━━━ RAW DATA ━━━
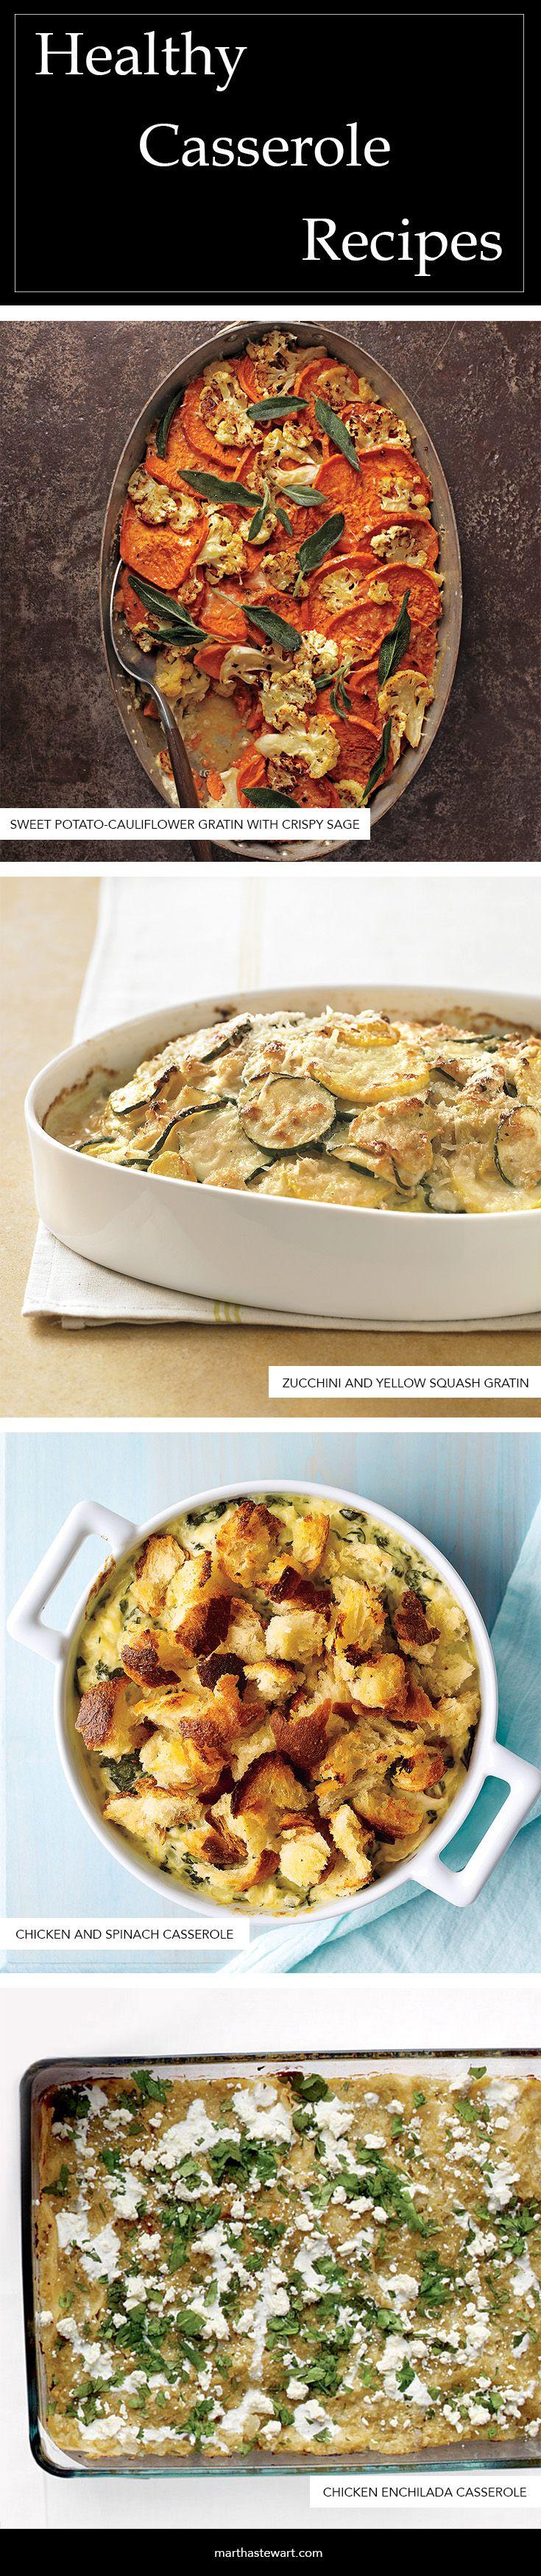 Healthy Casserole Recipes   Martha Stewart Living
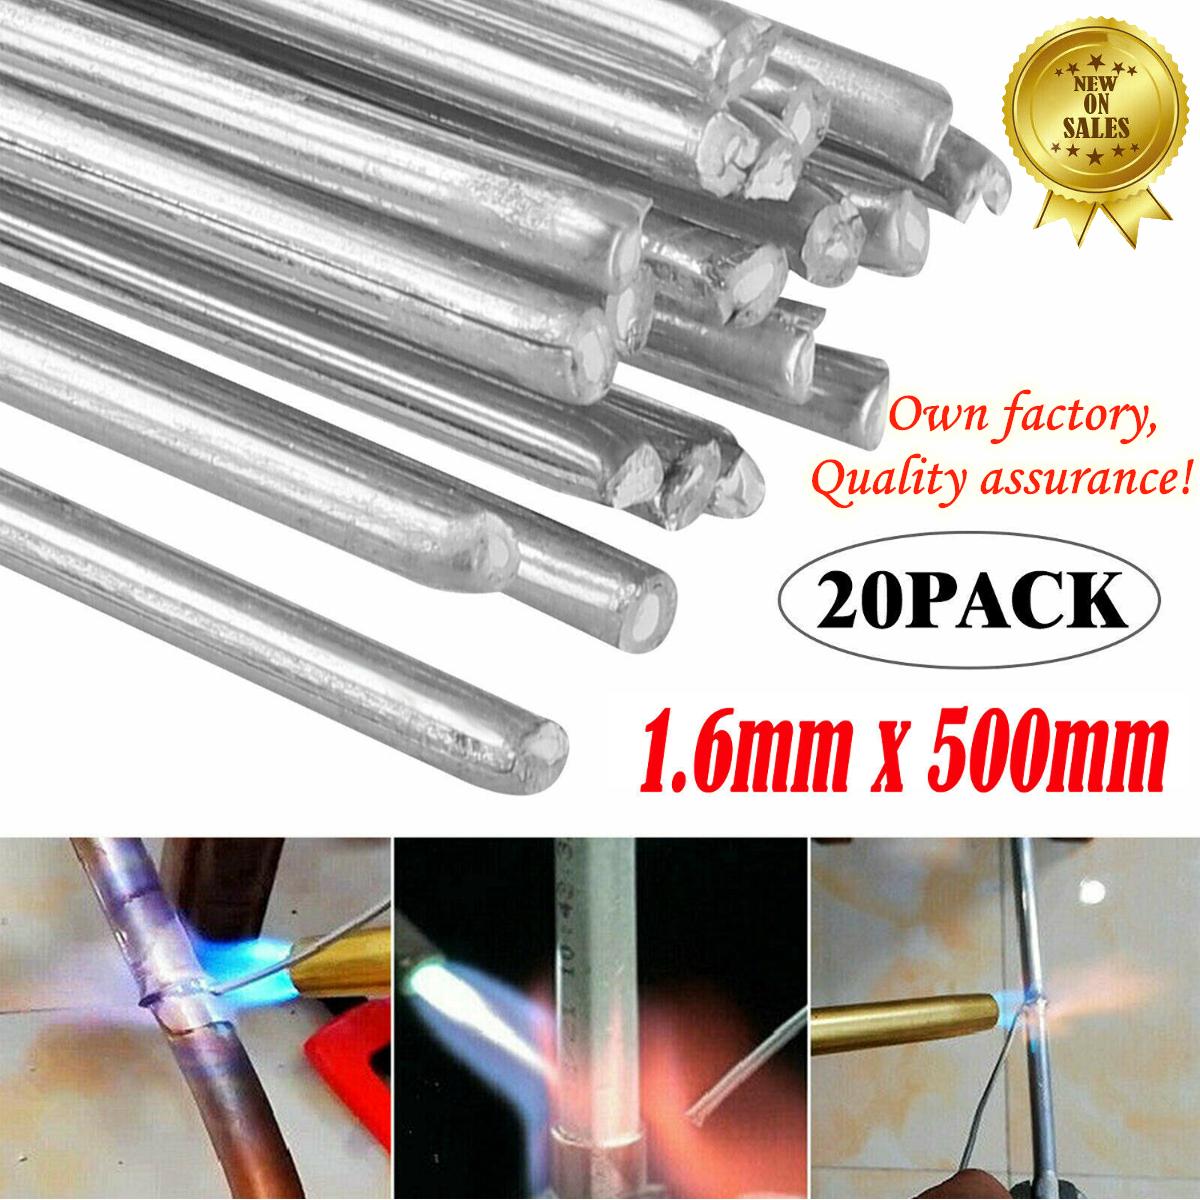 50 PCS Solution Welding Flux-Cored Rods No Flux Required,Low Temperature Aluminum Welding Wire
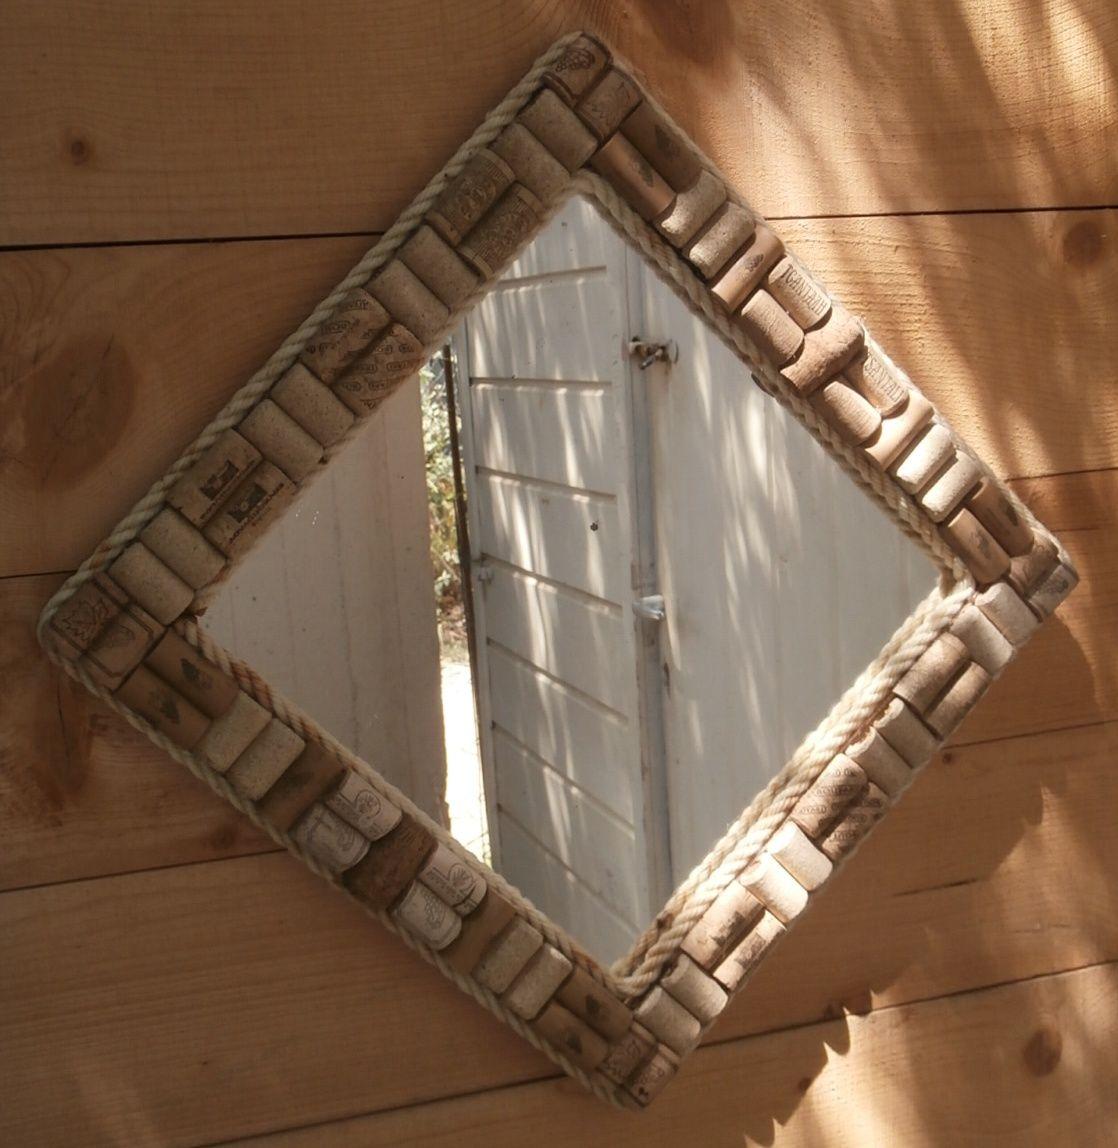 Wine corks framed mirror. | Upcycled Wine Corks | Pinterest ...
━━━
WORK ITEM: Set down exactly the lines between the one with "50 PCS Solution" and the last line of the material above, both included, but none of the pictures.

TASK RESULT:
 50 PCS Solution Welding Flux-Cored Rods No Flux Required,Low Temperature Aluminum Welding Wire
 Wine corks framed mirror. | Upcycled Wine Corks | Pinterest ...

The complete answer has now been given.